A broad family of randomized clock synchronization protocols based on a second order consensus algorithm is proposed. Under mild conditions on the graph connectivity, it is proved that the parameters of the algorithm can always be tuned in such a way that the clock synchronization is achieved in the probabilistic mean-square sense. This family of algorithms contains, as particular cases, several known approaches which range from distributed asynchronous to hierarchical synchronous protocols. This is illustrated by specializing the algorithm for the well-known broadcast and gossip scenarios in wireless communications, and for the standard hierarchical protocol used in the context of wired communications in data networks. In these cases, we show how the feasible range for the algorithm parameters can be explicitly computed. Finally, the performance of this strategy is validated by actual implementation in a real testbed and by numerical simulations.

Interesting approach for communicating robots: through the passive recognition of others patterns of motion

Barnali Das, Micael S. Couceiro, Patricia A. Vargas, MRoCS: A new multi-robot communication system based on passive action recognition, Robotics and Autonomous Systems, Volume 82, August 2016, Pages 46-60, ISSN 0921-8890, DOI: 10.1016/j.robot.2016.04.002.

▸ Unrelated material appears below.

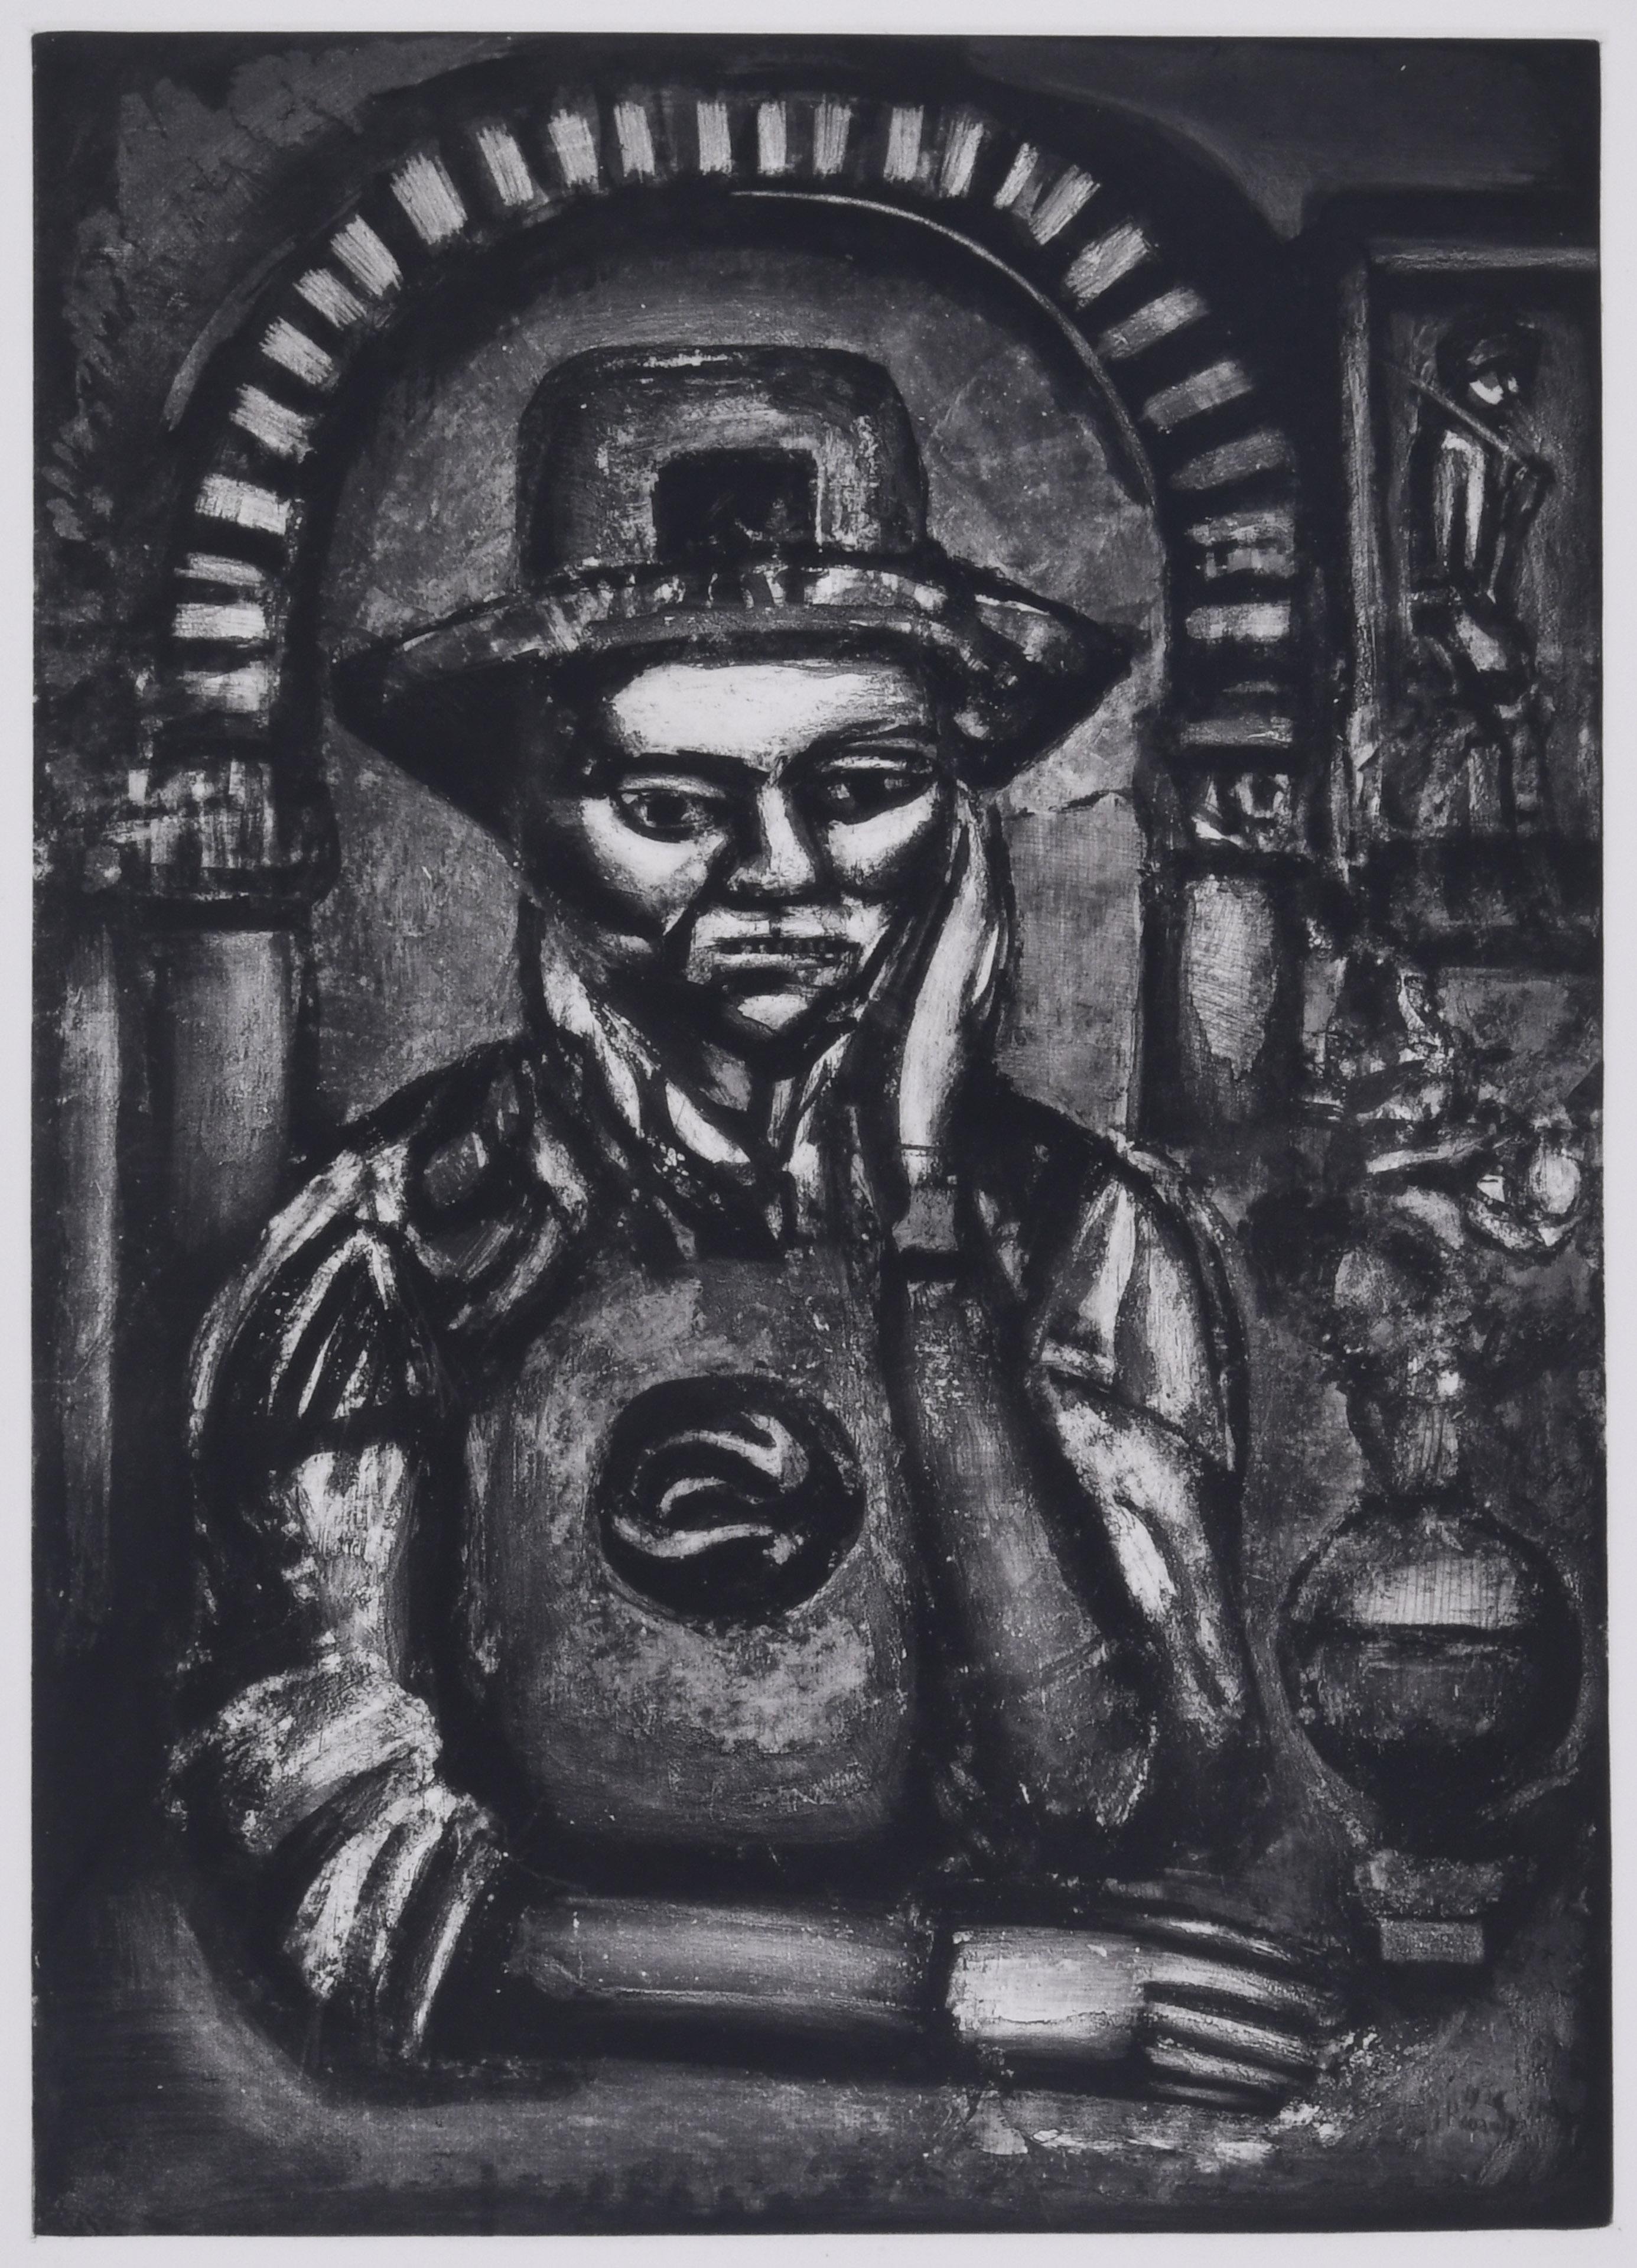 Chinois inventa, dit-on, la poudre a canon, nous en fit don - French School Print by Georges Rouault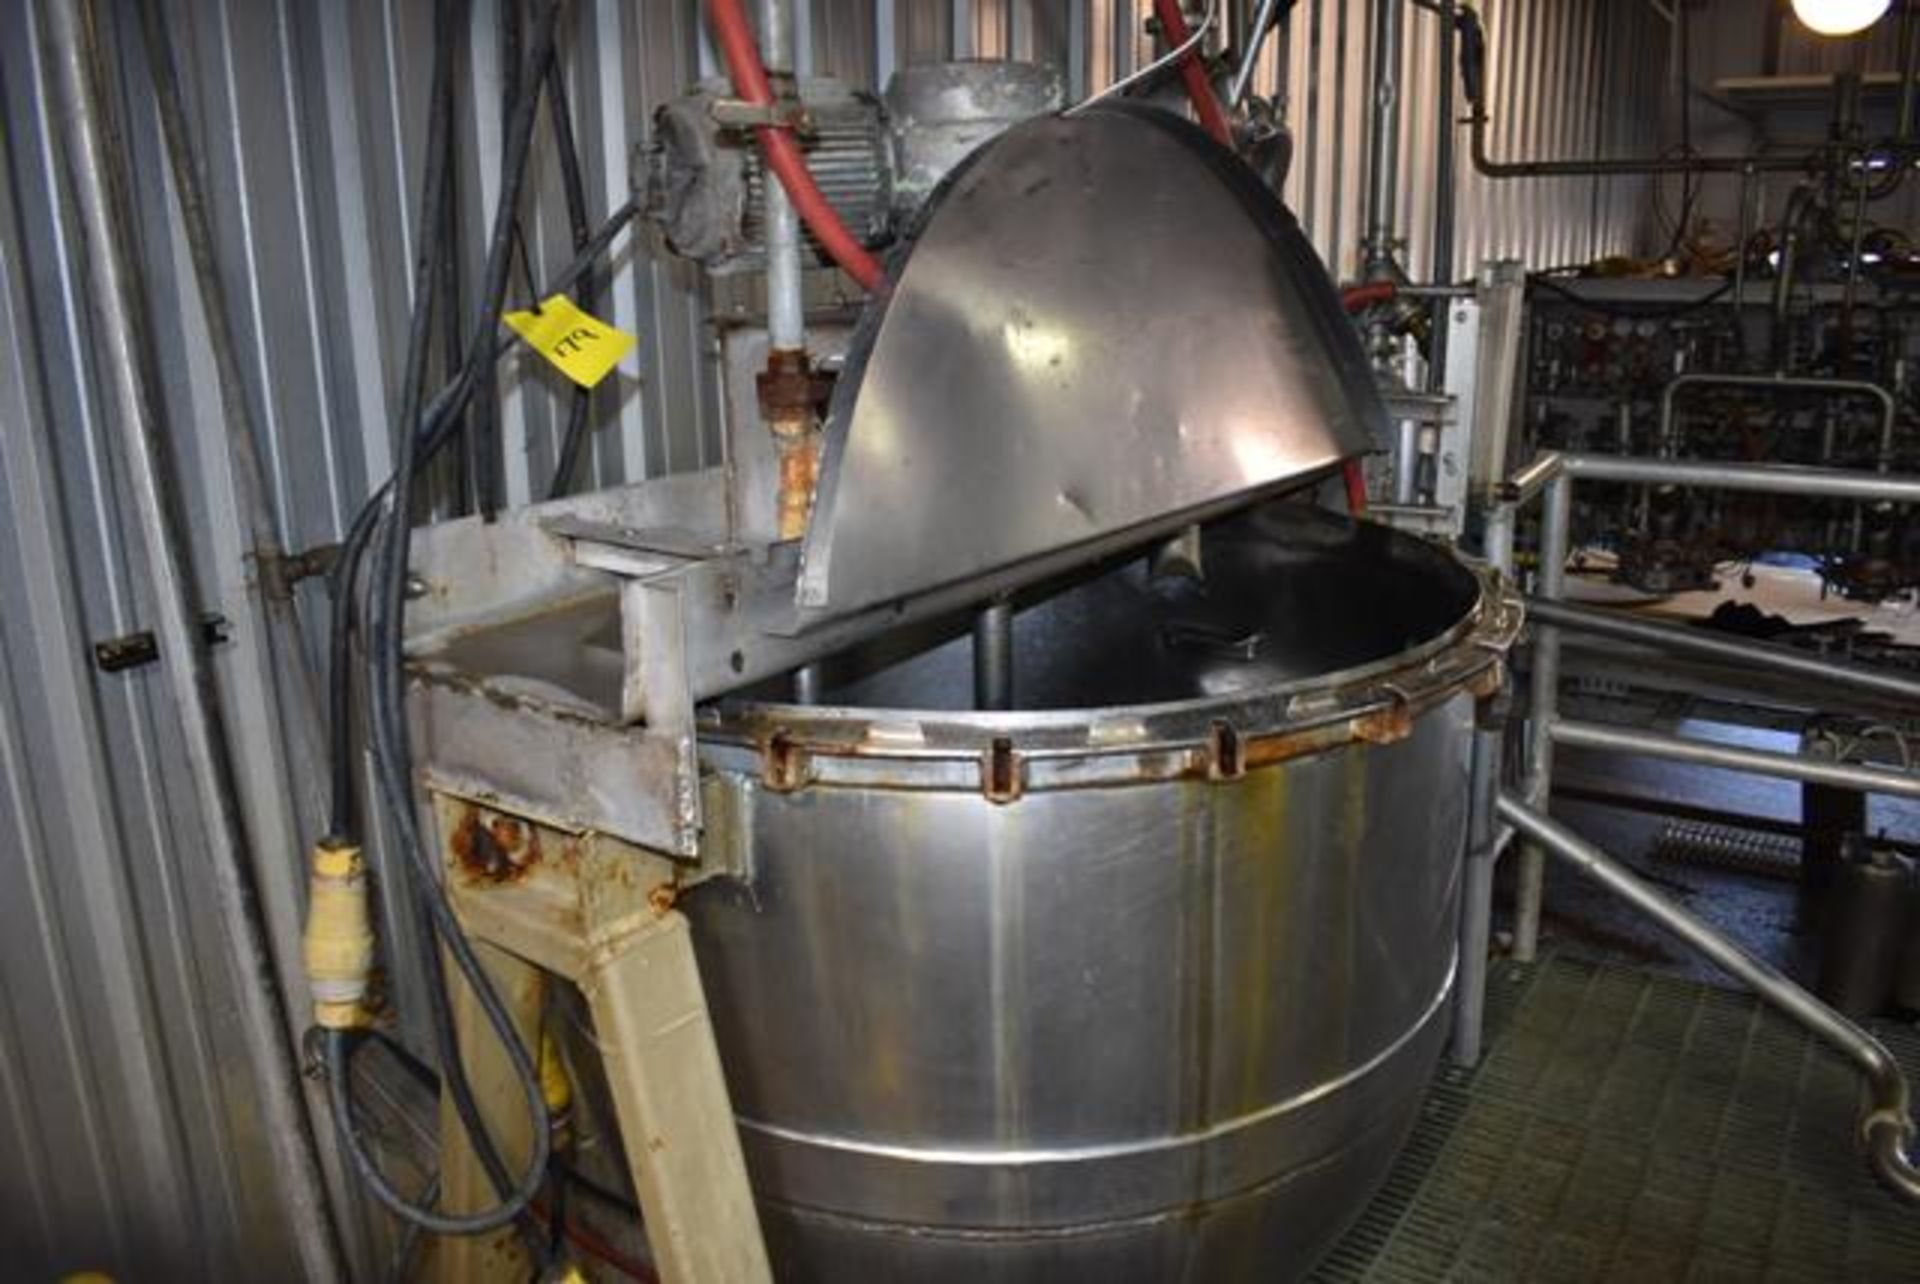 Lee Ind. SS Kettle, Rated 300 Gal., 48" x 48", Includes Mixer, Motor & Pump

Multi-robot search-and-rescue missions often face major challenges in adverse environments due to the limitations of traditional implicit and explicit communication. This paper proposes a novel multi-robot communication system (MRoCS), which uses a passive action recognition technique that overcomes the shortcomings of traditional models. The proposed MRoCS relies on individual motion, by mimicking the waggle dance of honey bees and thus forming and recognising different patterns accordingly. The system was successfully designed and implemented in simulation and with real robots. Experimental results show that, the pattern recognition process successfully reported high sensitivity with good precision in all cases for three different patterns thus corroborating our hypothesis.